The promise of personalized medicine has been held out for a long time, and now were actually beginning to see real, tangible effects from decades of research into the genetics of the human genome and cancer, giving us an understanding of how the disease develops and how patients respond.

Several aspects of current research is focused on gene therapy, including:

i) replacing a mutated gene that causes disease with a healthy gene;

ii) knocking out or inactivating, a mutated gene that is functioning improperly; and

iii) introducing new genes into the cells to protect from any diseases.

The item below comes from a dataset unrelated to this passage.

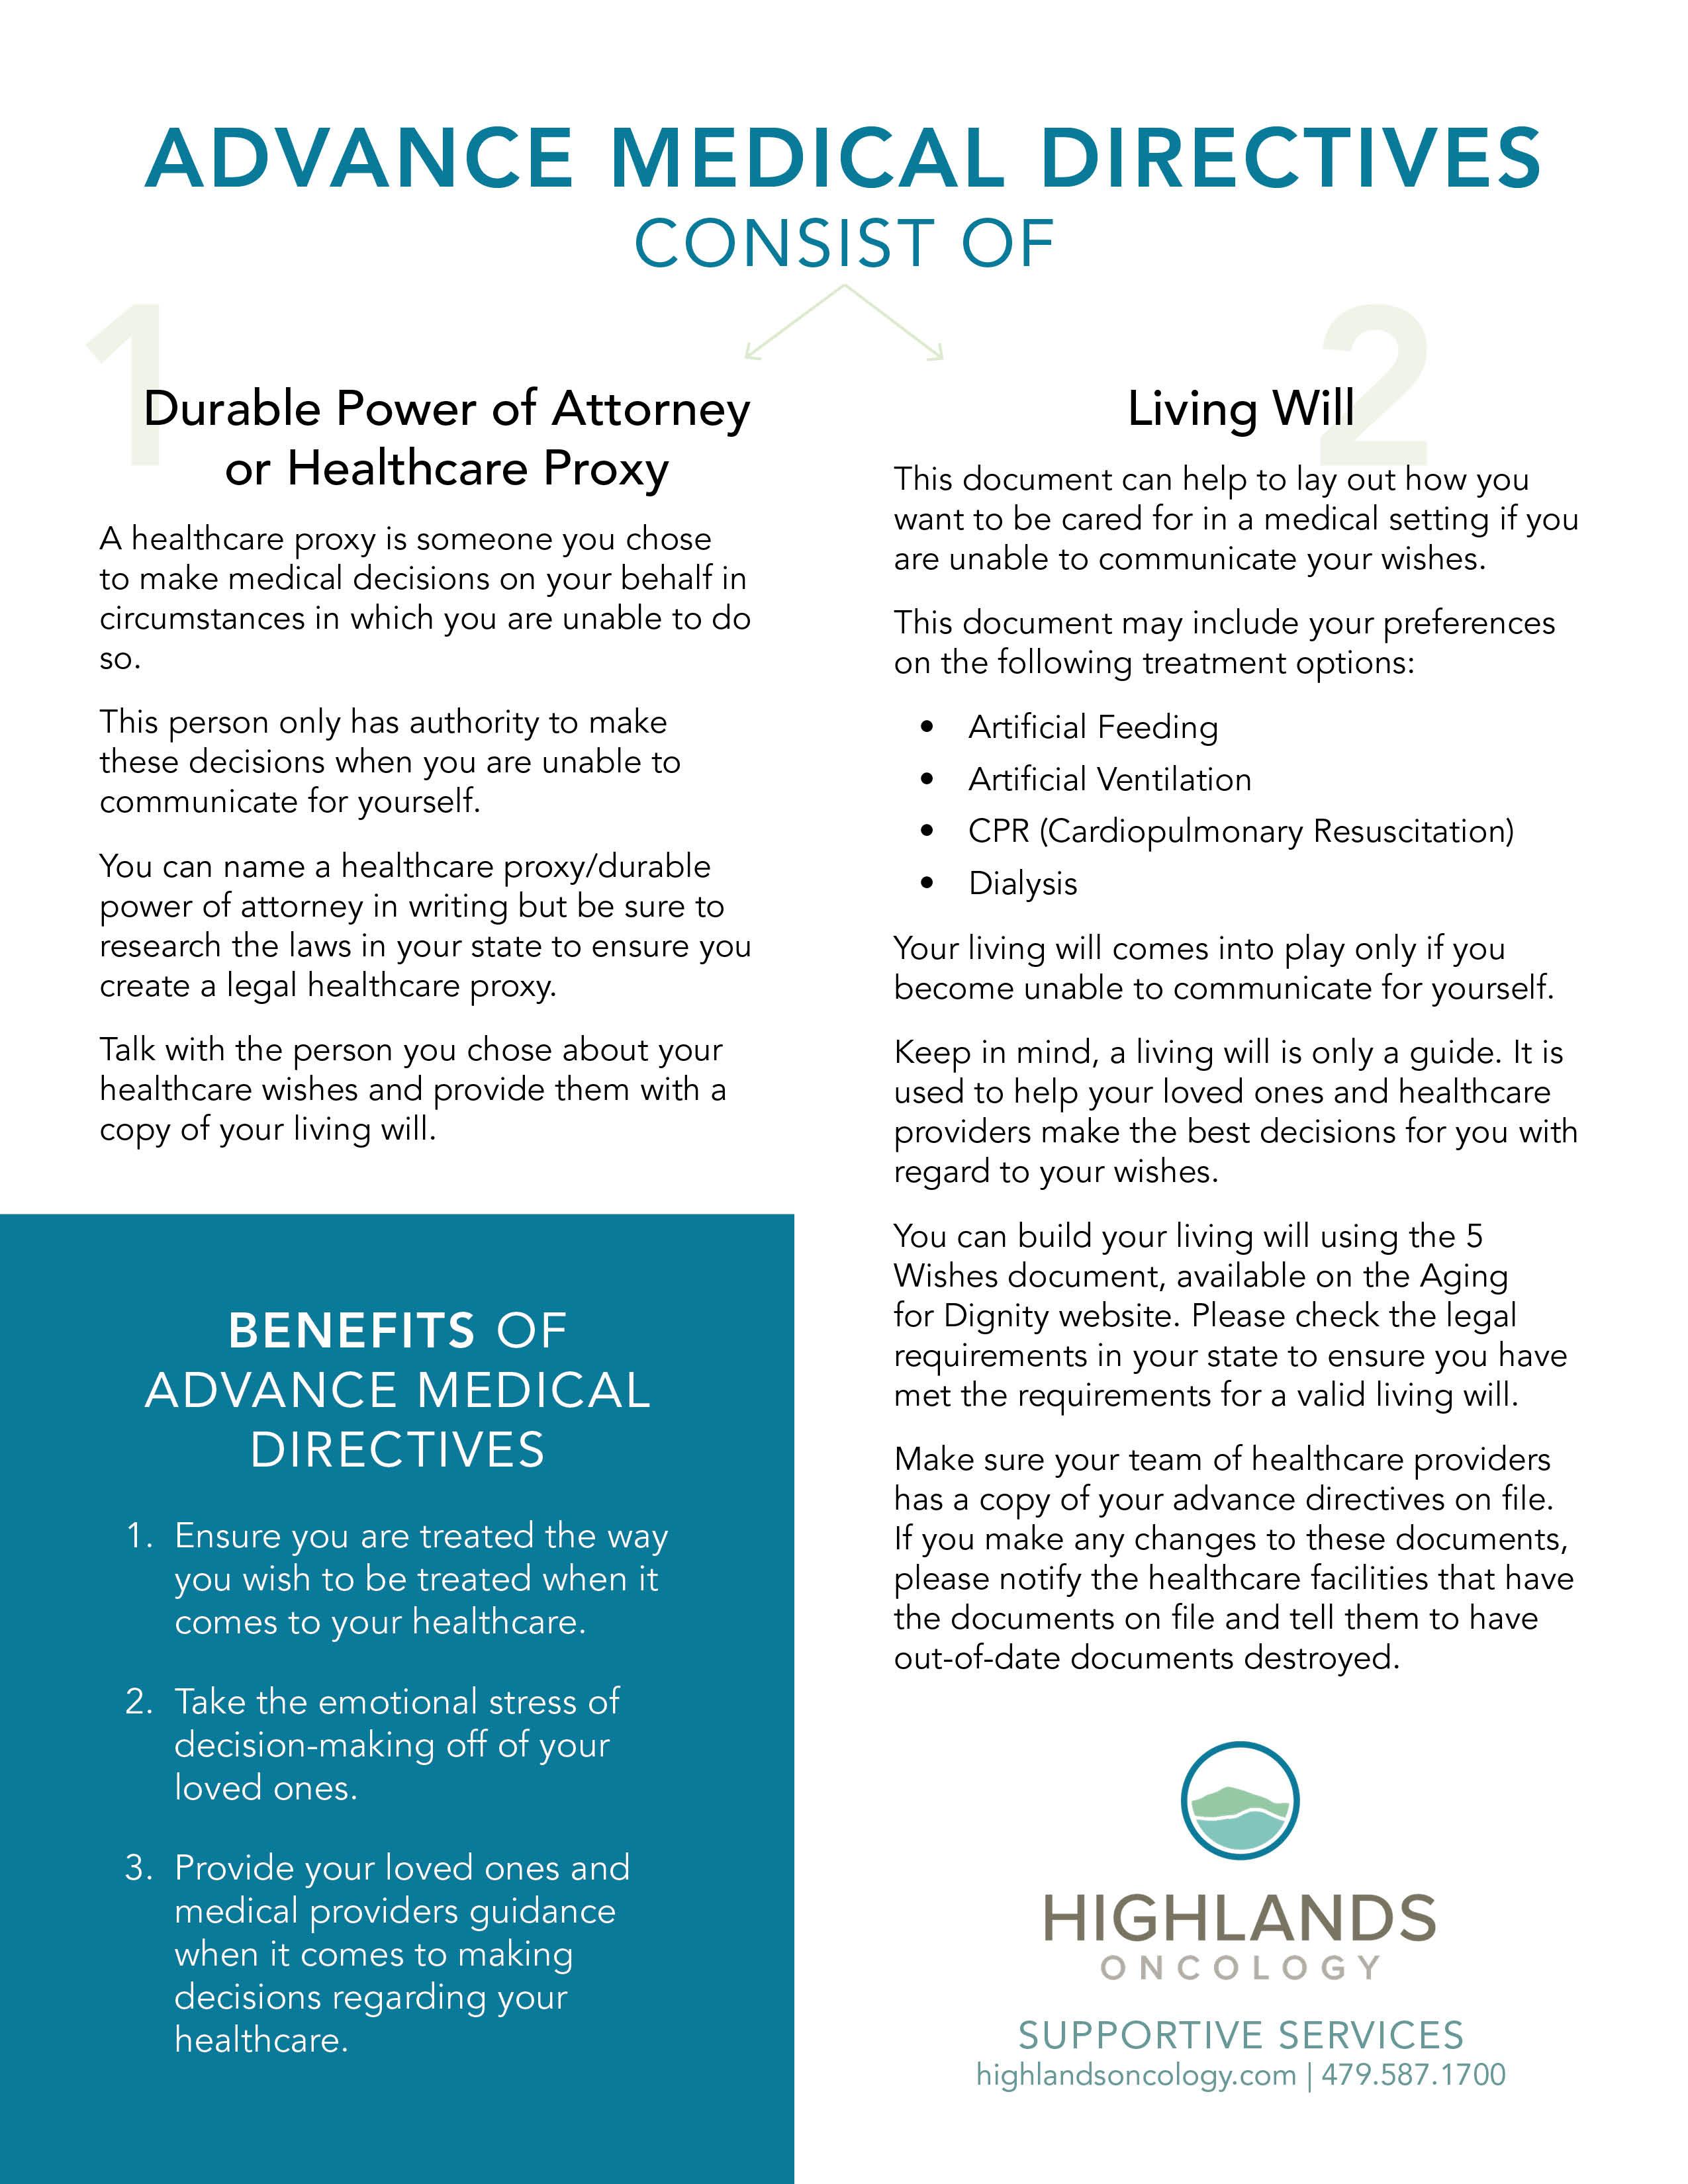 Advanced Medical Directives Information Sheet
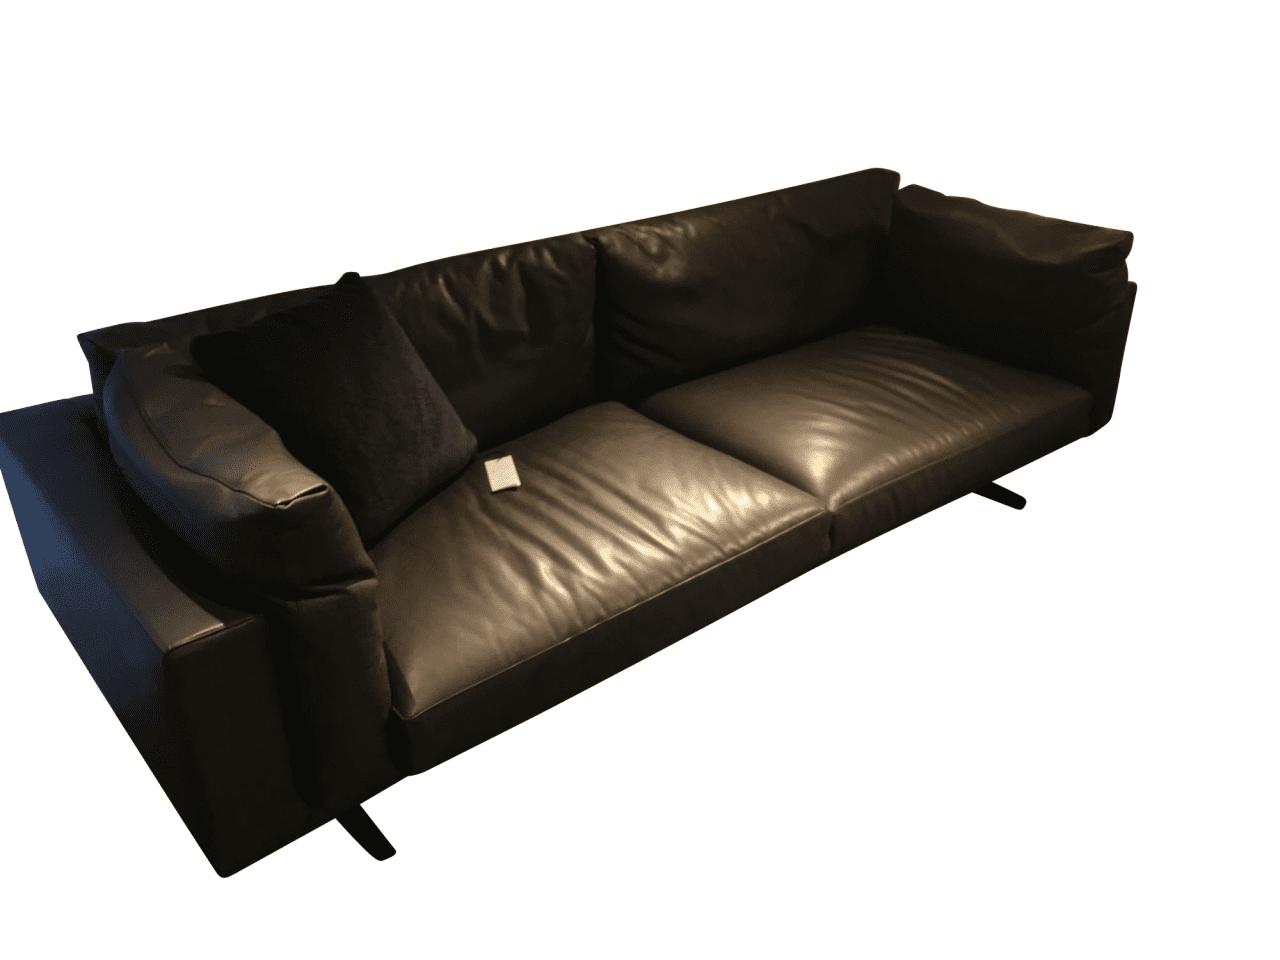 Floyd-HI Sofa

The gene delivery systems consist of the three components such as a plasmid-based gene expression system that controls the function of a gene within the targeting cell, a gene that encodes a specific therapeutic protein, and a gene delivery system that controls the delivery of the gene expression plasmid to specific location within the body. The successful gene delivery system requires the foreign genetic molecule to remain stable within the host cells.

Viruses mediated gene delivery systems utilize the ability of virus to inject their DNA inside host cells. Viruses used for gene delivery systems include retrovirus, adenovirus, adeno-associated viruses, and herpes simplex viruses.

Viral vectors based on DNA for gene delivery are usually longer lasting and integrating into the genomes. DNA-based viral vectors are lentivirus, poxvirus, adenovirus, adeno-associated virus, retrovirus, human foamy virus (HFV) and herpes virus. DNA-based viral vectors for gene delivery systems utilize the viral vectors to deliver genetic materials to the host cells. The viral vectors are efficient for delivering the genetic materials to the host cells. The DNA-based viral vectors for the gene delivery systems include plasmids containing transgenes for gene therapy. Although the DNA-based viral vectors are in early stages of clinical trials, the class of materials has been emerged to yield extremely promising candidate of gene delivery systems for gene therapy in the wide range of diseases including cancer, AIDS, neurological disorders such as Parkinsons and Alzheimers diseases, and cardiovascular disorders.

Gene Therapy - Perspectives and opportunities for Transgene

There has been a resurgence in gene therapy efforts that is partly fueled by the identification and understanding of new gene delivery vectors. Adeno-associated virus (AAV) is a non- enveloped virus that can be engineered to deliver DNA to target cells, and has attracted a significant amount of attention in the field, especially in clinical-stage experimental therapeutic strategies. The ability to generate recombinant AAV particles lacking any viral genes and containing DNA sequences of interest for various therapeutic applications has thus far proven to be one of the safest strategies for gene therapies.

Adeno-associated virus (AAV) is one of the most actively investigated gene therapy vehicles. It was initially discovered as a contaminant of adenovirus preparations, hence its name. Simply put, AAV is a protein shell surrounding and protecting a small, single-stranded DNA genome of approximately 4.8 kilobases (kb).

Transgenes recombinant AAV delivery vector has already been granted USA patent in 2015 for the treatment of Hepato-Cellular cancer. With extensive knowledge and experience on viral vectors, in particular AAV, Transgene is at poised to grab the emerging opportunities in gene therapies and gene editing technologies.

Internal Auditing and Controls

The internal control systems of the Company are adequate and commensurate with the size of operations. These controls ensure that transactions are authorized, recorded and reported on time. They ensure that assets are safe guarded and protected against loss or unauthorized disposal.

The Internal Audit department carried out audits in different areas of the Companys operations. Post-audit reviews were carried out to ensure that audit recommendations were implemented.

The Audit Committee of the Board of Directors reviewed the audit program and findings of the Internal Audit department.


The outlook for Transgene is highly promising considering the emerging prospects for TrabiORAL in its wide and diverse application covering various clinical segments such as Diabetes, Cancer and Vaccine areas.